People across border. In Kutch (Gujarat, India) showing their love for Shah Latif’s poetry.
Synopsis: Shah Abdul Latif Bhitai, a medieval Sufi poet, is an iconic figure in the cultural history of Sindh. Bhitai’s Shah Ji Risalo is a remarkable collection of poems which are sung by many communities in Kachchh (Kutch) and across the border in Sindh (now in Pakistan).
Umar Haji Suleiman of Abdasa, in Kutch, Gujarat, is a self taught Sufi scholar; once a cattle herder, now a farmer, he lives his life through the poetry of Bhitai. Umar’s cousin, Mustafa Jatt sings the Bheths of Bhitai. He is accompanied on the Surando, by his cousin Usman Jatt. Usman is a truck driver, who owns and plays one of the last surviving surandos in the region. The surando is a peacock shaped, five-stringed instrument from Sindh. The film explores the life worlds of the three cousins, their families and the Fakirani Jat community to which they belong.

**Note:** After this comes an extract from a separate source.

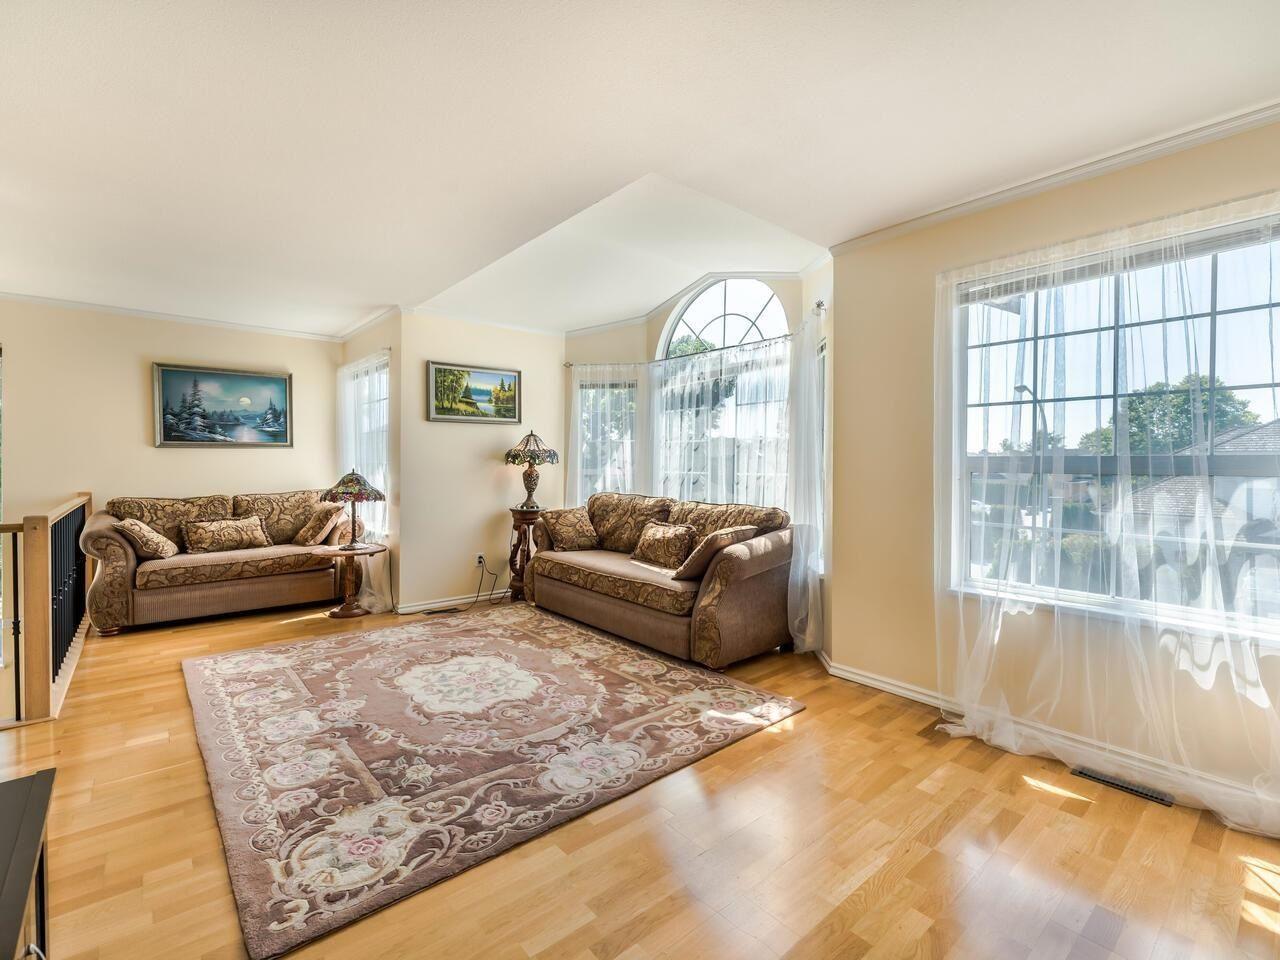 Photo 8: Photos: 5602 WILSON Court in Richmond: Hamilton RI House for sale : MLS®# R2602420

Before the Partition, the Maldhari (pastoralist) Jatts moved freely across the Rann, between Sindh (now in Pakistan) and Kutch. As pastoral ways of living have given way to settlement, borders and industrialisation, the older generation struggles to keep alive the rich syncretic legacy of Shah Bhitai, which celebrates diversity and non-difference, suffering and transcendence, transience and survival.